Well the trek 6300 is mine, all mine. Won the auction on Ebay. Now just to arrange delivery


----------



## mrmacmusic (15 Dec 2011)

Moby Jones said:


> Well the trek 6300 is mine, all mine. Won the auction on Ebay. Now just to arrange delivery


So YOU won it... I was keeping my eye on that one hoping for a bargain


----------



## Moby Jones (16 Dec 2011)

mrmacmusic said:


> So YOU won it... I was keeping my eye on that one hoping for a bargain


 
Sorry mate, i hopefully will get it tomorrow. I will post some pics once i get some time.


----------



## mrmacmusic (16 Dec 2011)

Moby Jones said:


> Sorry mate, i hopefully will get it tomorrow.
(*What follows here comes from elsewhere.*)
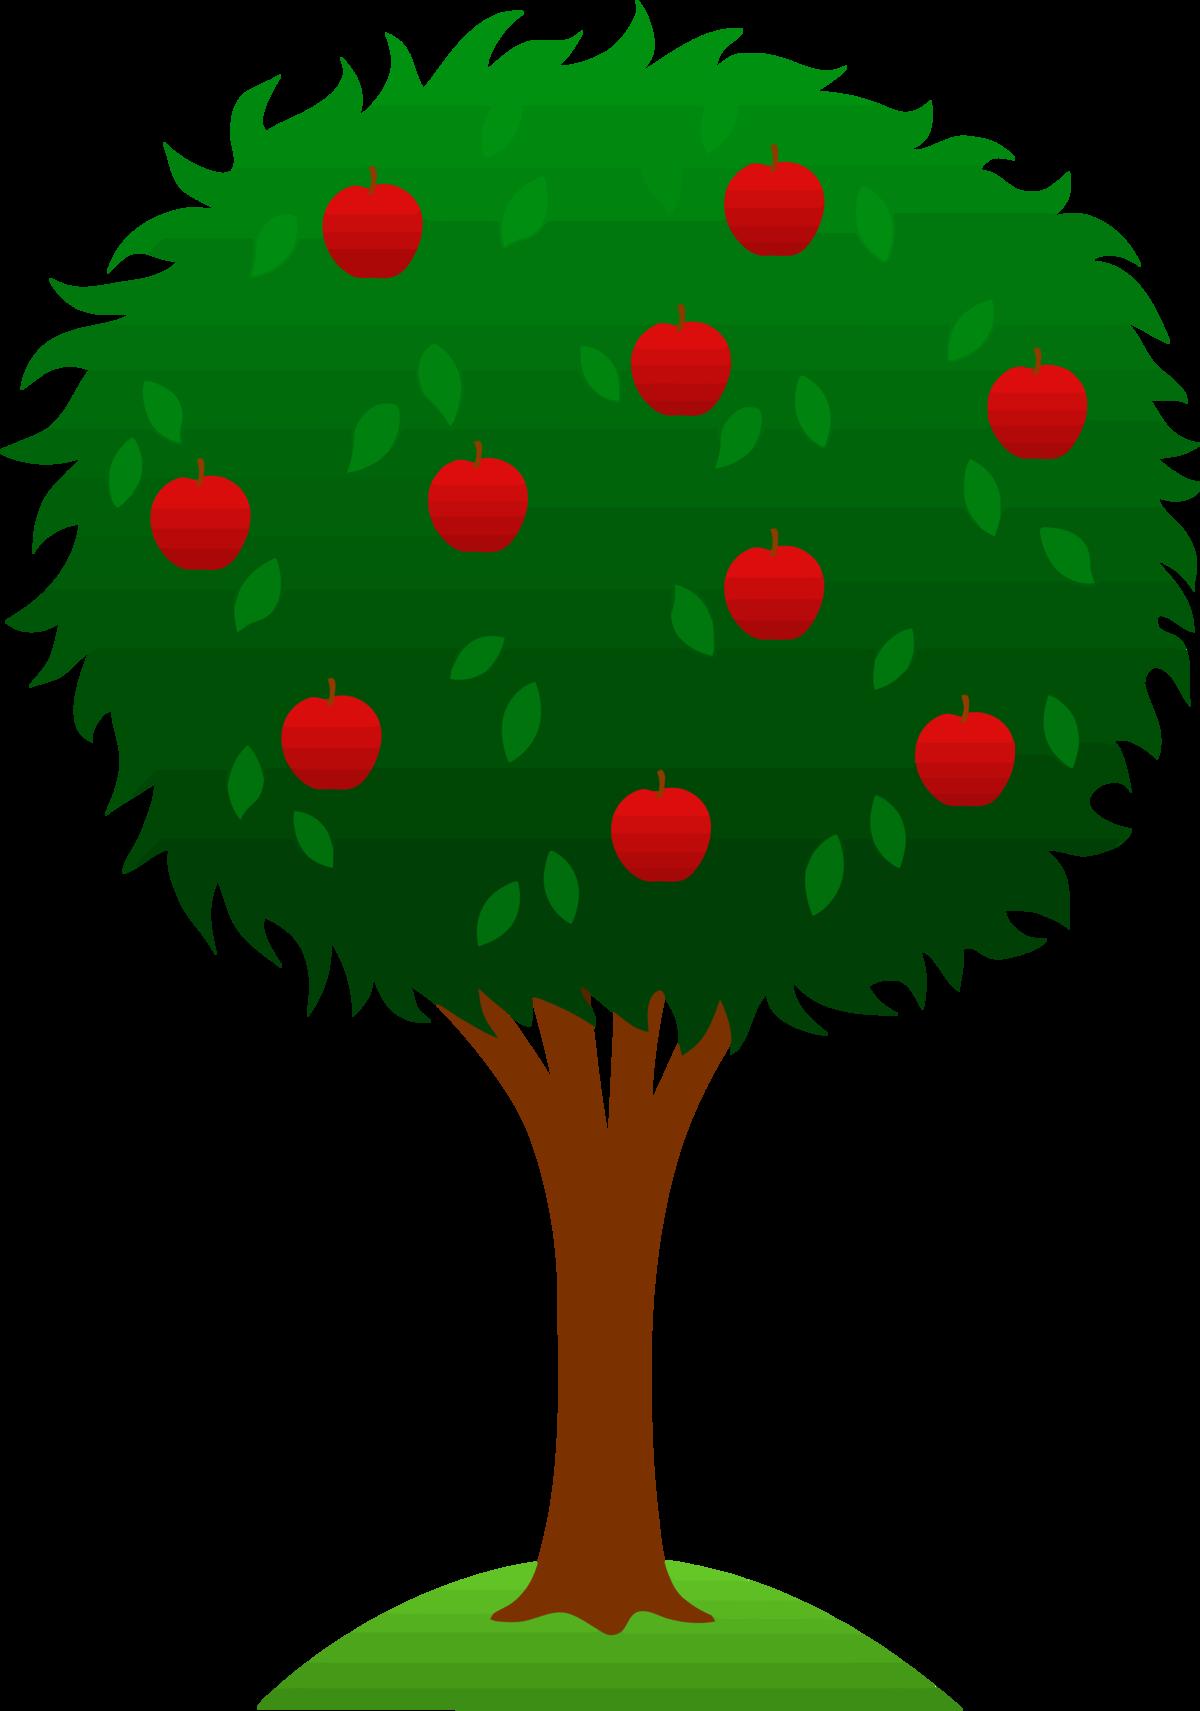 Картинки для детей дерева яблони
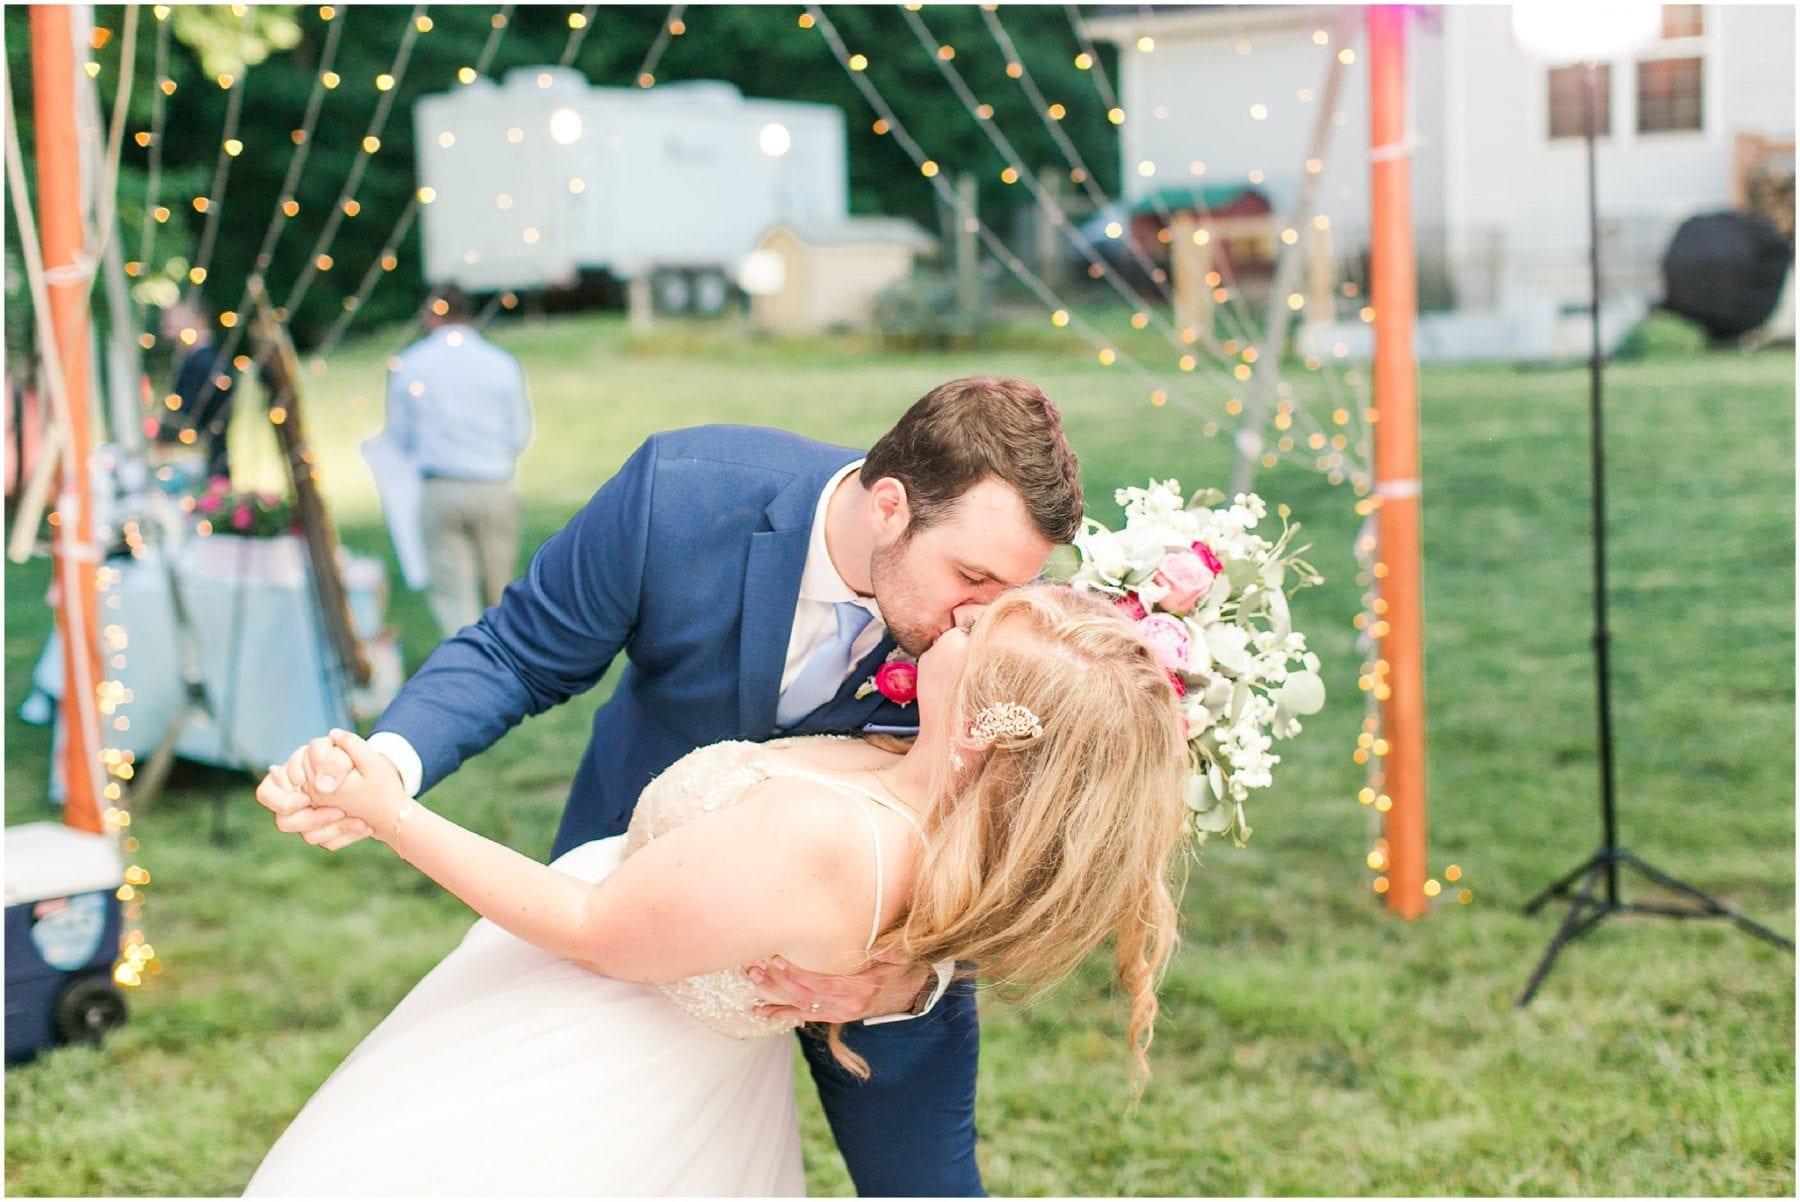 Maryland Backyard Wedding Photos Kelly & Zach Megan Kelsey Photography-296.jpg

I will post some pics once i get some time.


No worries – I didn't enter the bidding frenzy, but it caught my eye with no bids as £200. Hopefully it arrives safe and sound 

I'm still watching a few 6500's with disc brakes (my 2006 didn't have them) as well as a Rockhopper or two, and there's also a Gary Fisher Marlin which looks intriguing (very similar bike but a 29er)... My best bet however might be a local pickup Trek 4500, but either way, I'm hoping to get sorted this weekend!


----------



## Moby Jones (20 Dec 2011)

Got my new Bike on Monday, took me a while to get everything assembled. 
I am going to hopefully take the bike into work tomorrow, one final commute before i knock off for the holidays....


----------